9558. Flags

 

The flag consists of n vertical stripes, each of which can be colored white, red, or blue. Moreover:

·        No two adjacent stripes may have the same color.

·        Any blue stripe must be placed between a red and a white stripe (in any order).

How many ways are there to color a flag with n stripes?

 

Input. One integer n (1 ≤ n ≤ 10⁶) – the number of stripes on the flag.

 

Output. Print the number of ways to color a flag with n stripes. The answer should be given modulo 10⁹ + 7.

 

Sample input	Sample output
3	4

 

 

SOLUTION

Fibonacci numbers

 

Algorithm analysis

Let:

·        f_r(n) be the number of ways to color a flag with n stripes, starting with a red stripe;

·        f_w(n) be the number of ways to color a flag with n stripes, starting with a white stripe.

 

Let’s consider how to compute the function f_r(n):

·        If the stripe following the red one is white, then the remaining flag of length n – 1 can be colored in f_w(n – 1) ways;

·        If the stripe following the red one is blue, then the stripe after the blue one must be white. After that, the remaining flag of length n – 2 can be colored in f_w(n – 2) ways;

Thus, we obtain the following equality:

f_r(n) = f_w(n – 1) + f_w(n – 2)

By analogous reasoning, we obtain:

f_w(n) = f_r(n – 1) + f_r(n – 2)

The initial conditions for the first recurrence are obvious:

·        f_r(1) = 1: A flag consisting of one stripe and starting with red can be colored in exactly one way – R.

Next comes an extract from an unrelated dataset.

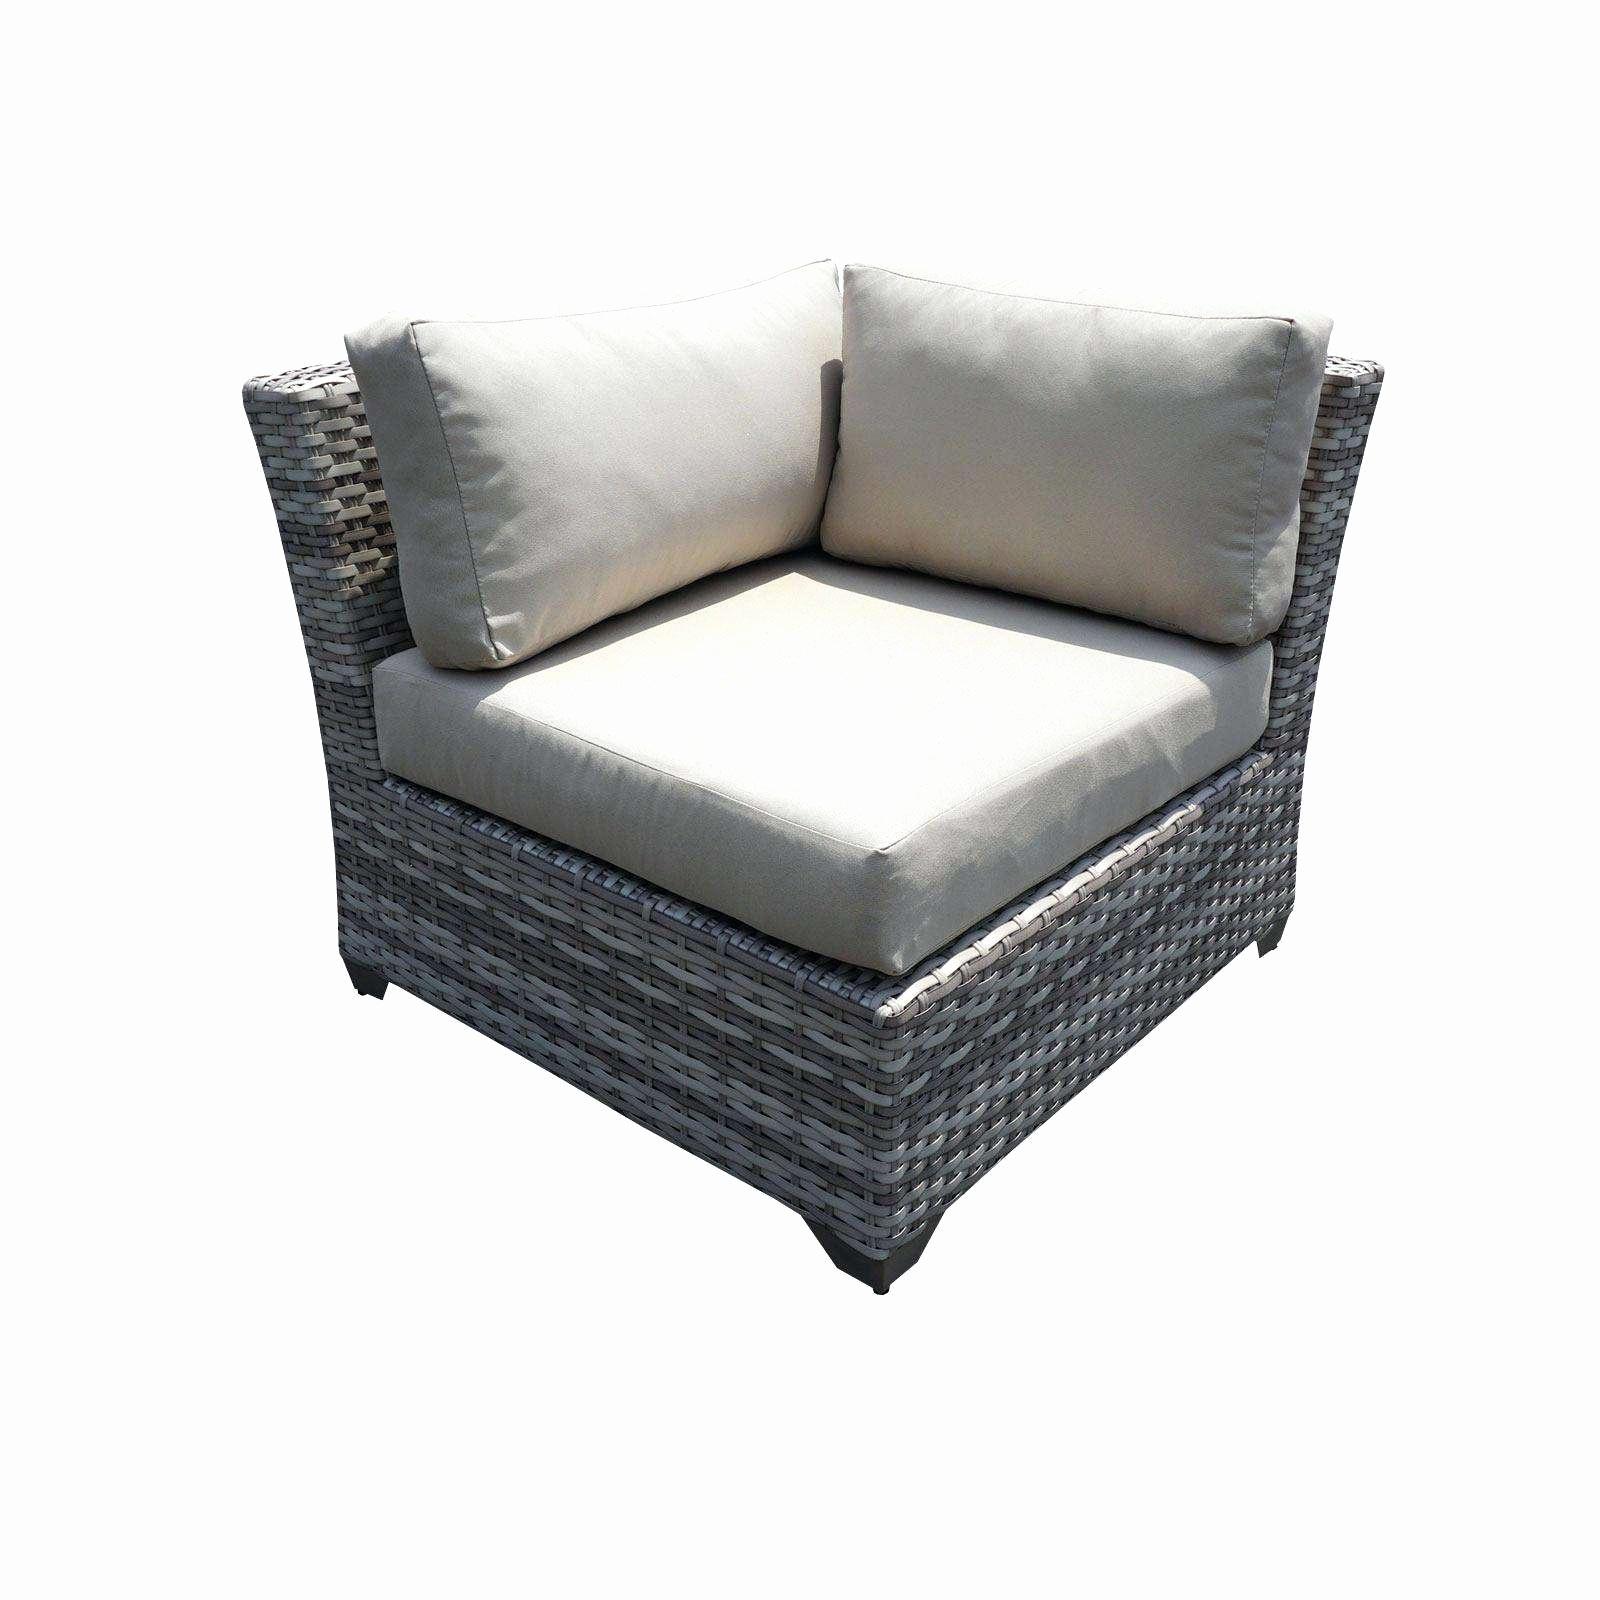 Fauteuil Relax Tissu Ikea Luxe Galerie Ikea Chaise Bureau Meilleur Fauteuil Relaxation Pour Table De

·        f_r(2) = 1: If the first stripe is red, then the second stripe cannot be red and cannot be blue (since a blue stripe must be placed between a red and a white stripe). Therefore, the second stripe must be white. The only possible arrangement is RW.

Similarly,

f_w(1) = 1, f_w(2) = 1

Both functions f_r(n) and f_w(n) define Fibonacci numbers:

f_r(n) = F_n,

f_w(n) = F_n

The coloring of the flag starts with the first stripe. It can be either red or white. Therefore, the total number of ways to color the flag is

f_r(n) + f_w(n) = 2 * F_n

 

Algorithm implementation

Declare the constants.

 

#define MAX 1000001

#define MOD 1000000007

 

Declare an array fib to store the Fibonacci numbers.

 

long long fib[MAX];

 

Read the input value n.

 

scanf("%d", &n);

 

Fill the array fib with Fibonacci numbers.

 

fib[1] = 1; fib[2] = 1;

for (i = 3; i < MAX; i++)

  fib[i] = (fib[i - 1] + fib[i - 2]) % MOD;

 

Print the answer.

 

printf("%lld\n", (2 * fib[n]) % MOD);